Freilich muß man auch hier wieder unterscheiden. Wenn der Papst im Flugzeug mit Journalisten plaudert, dann haben diese Gespräche selbstverständlich eine ganz geringe Verbindlichkeit. Es handelt sich dabei um Unterhaltungen auf einer Reise, bei denen nicht mit letzter Eindeutigkeit und in letzter Klarheit, vor allem nicht mit Verbindlichkeit gesprochen wird. Oder wenn der Papst ein Buch schreibt, dann ist er eben ein privater Autor wie andere, und man kann sein Buch unter literarischen und theologischen Gesichtspunkten beurteilen, unter Umständen auch Kritik daran üben. Anders ist es dagegen, wenn der Papst eine Enzyklika erläßt. Eine Enzyklika ist ein Ausdruck seiner Lehrgewalt und deswegen verbindlich. Wenn in ihr Dogmen enthalten sind, dann ist diese Enzyklika sogar letztverbindlich, denn gegen Dogmen, gegen die Wahrheit selbst im Glaubensgesetz gibt es keinen Einwand mehr. Aber in Enzykliken finden sich auch viele andere Äußerungen, die nicht mit letzter Verbindlichkeit ausgesagt werden, die deswegen auch der Änderung fähig sind. Die verschiedenen Stufen der Vernindlichkeit zu unterscheiden, ist eine höchst verantwortungsvolle Aufgabe.

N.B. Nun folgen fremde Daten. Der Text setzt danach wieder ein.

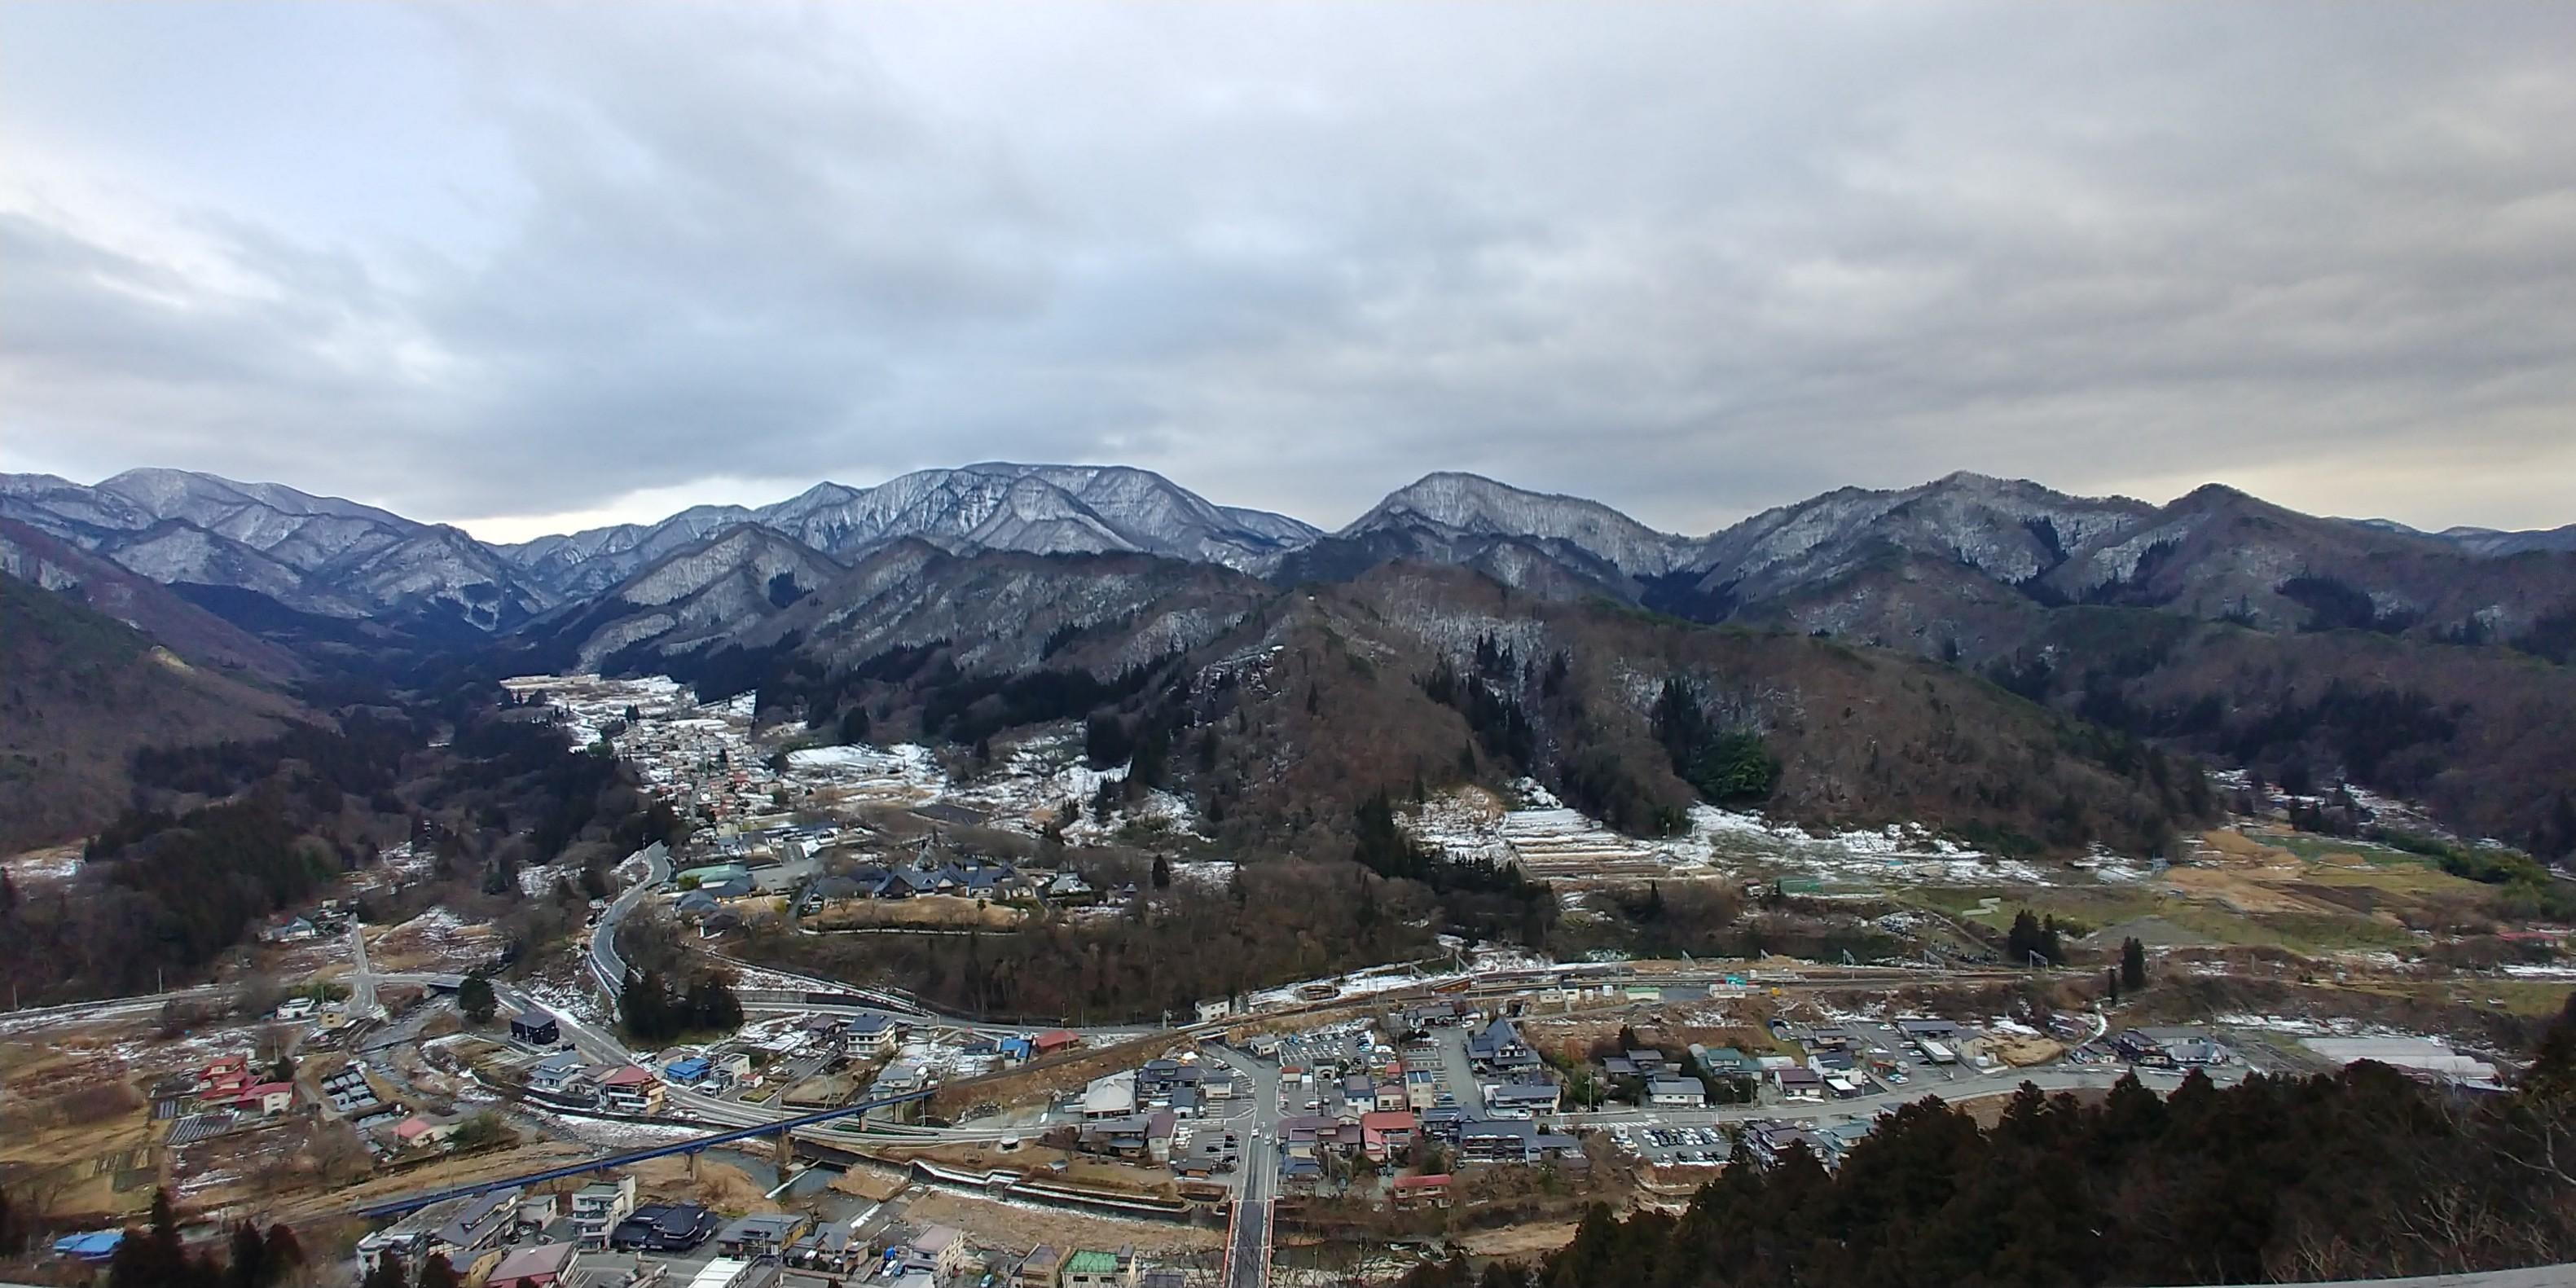 f:id:kishuji-kaisoku:20200127112011j:image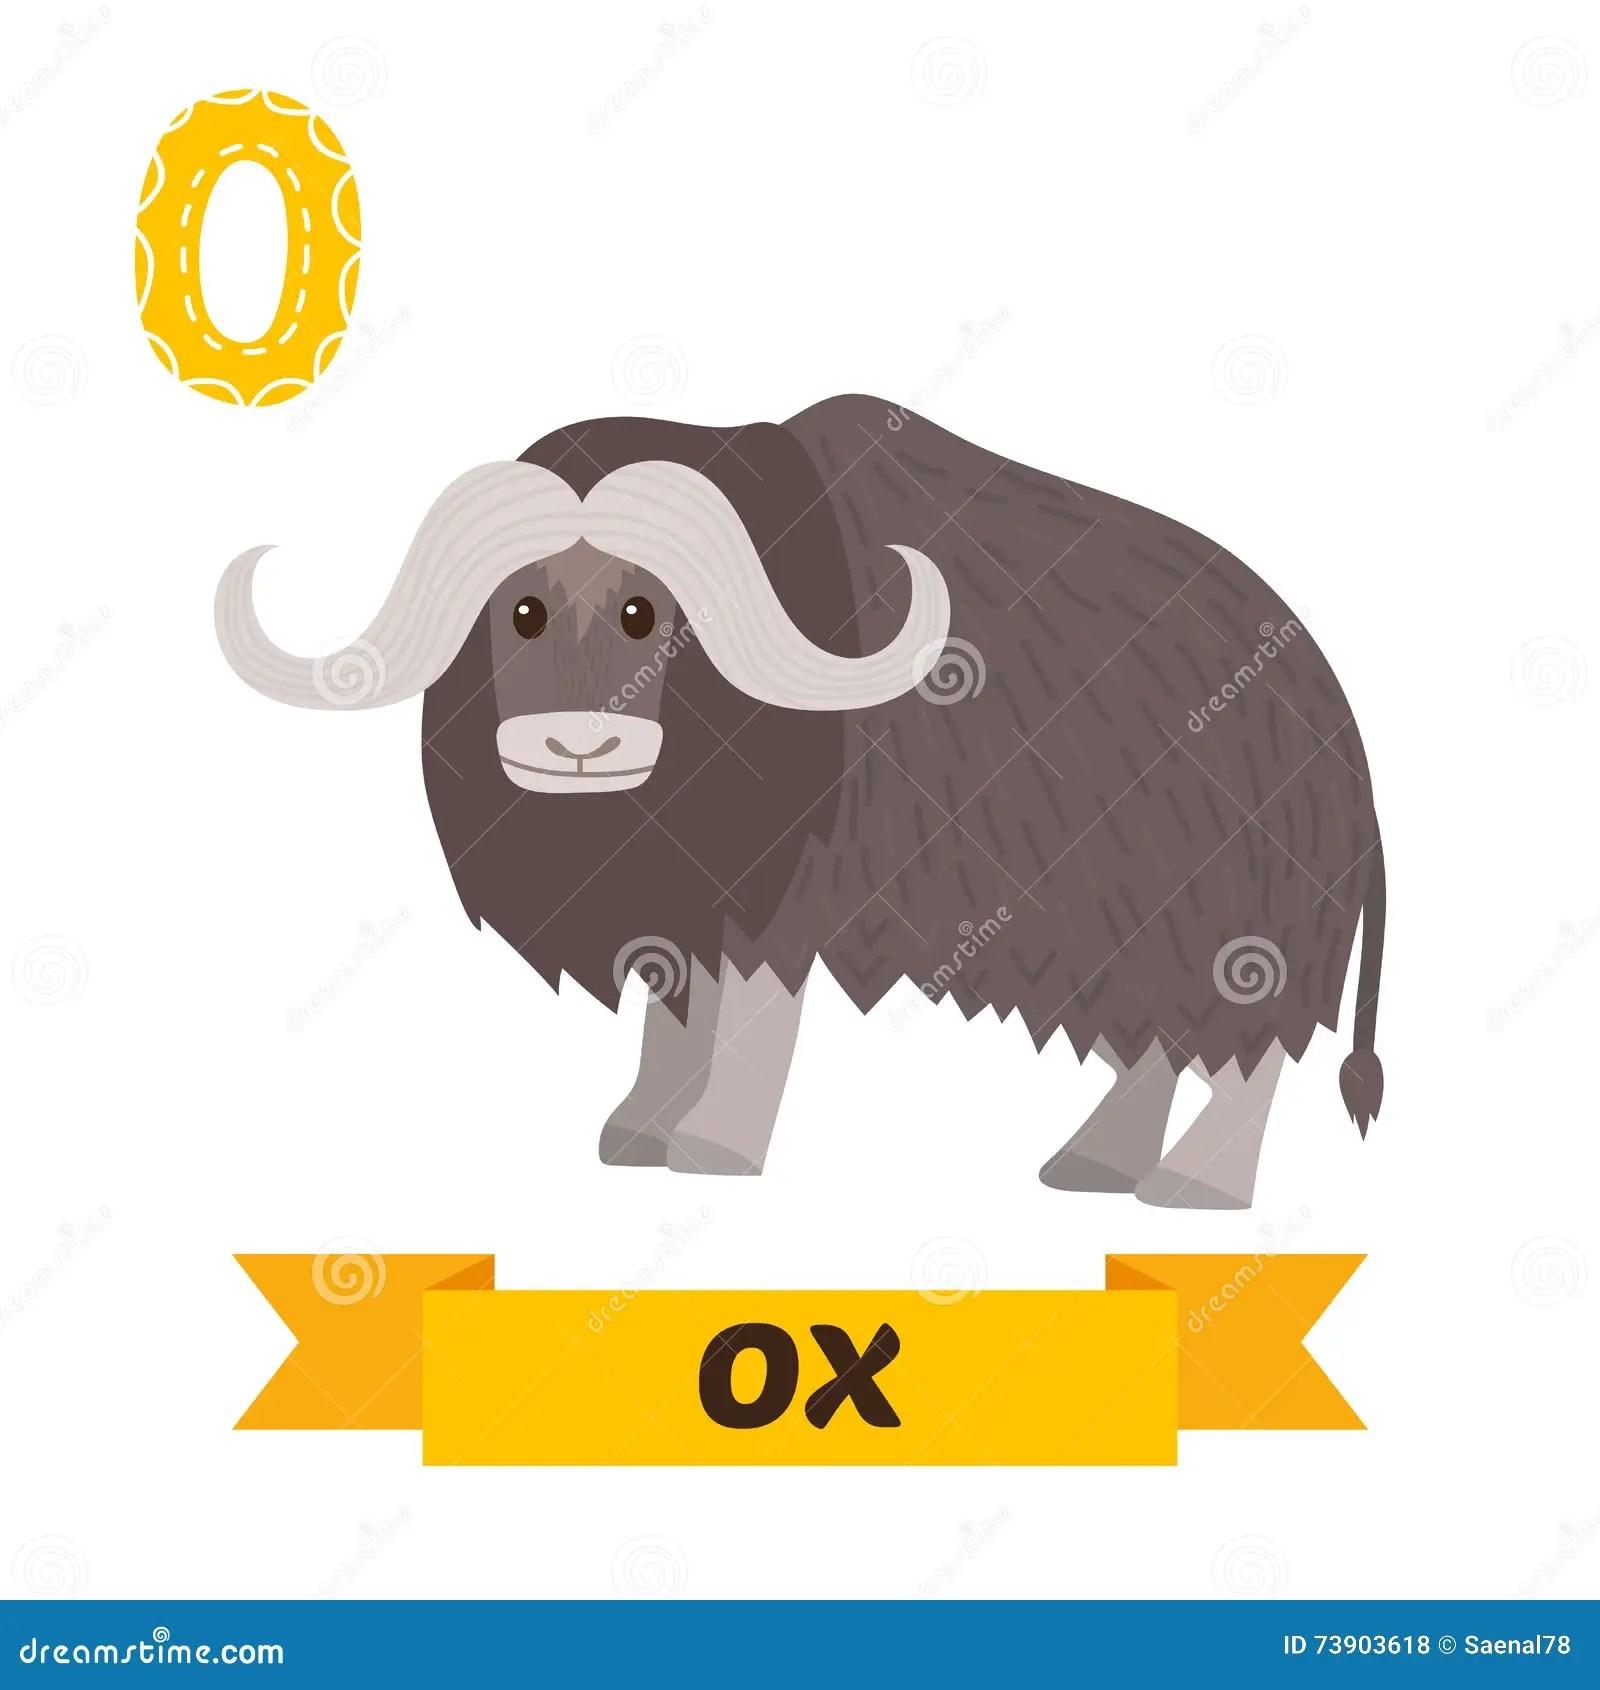 Ox O Letter Cute Children Animal Alphabet In Vector

Woraus ergibt sich, ob Äußerungen einer Enzyklika letztverbindlich sind? Das erkennt man am Stil, wenn der Papst beispielsweise sagt: „Ich spreche hier mit dem höchsten Einsatz meiner Gewalt.“ Das erkennt man am Inhalt, wenn es sich nämlich um eine Glaubens- oder Sittenwahrheit handelt. Das erkennt man auch an der Verbindung nach rückwärts, ob nämlich diese Lehre von der Tradition gestützt und getragen wird. Gegenüber der Wahrheit gibt es keinen Einwand. Bei Meinungen ist eine Änderung möglich. Wenn und soweit im Wirken des Papstes Christus hörbar wird, ist sein Tun und Handeln verbindlich. Je nach dem Maße der Vollmacht, das er in Anspruch nimmt, ist auch der Grad der Verbindlichkeit zu bestimmen.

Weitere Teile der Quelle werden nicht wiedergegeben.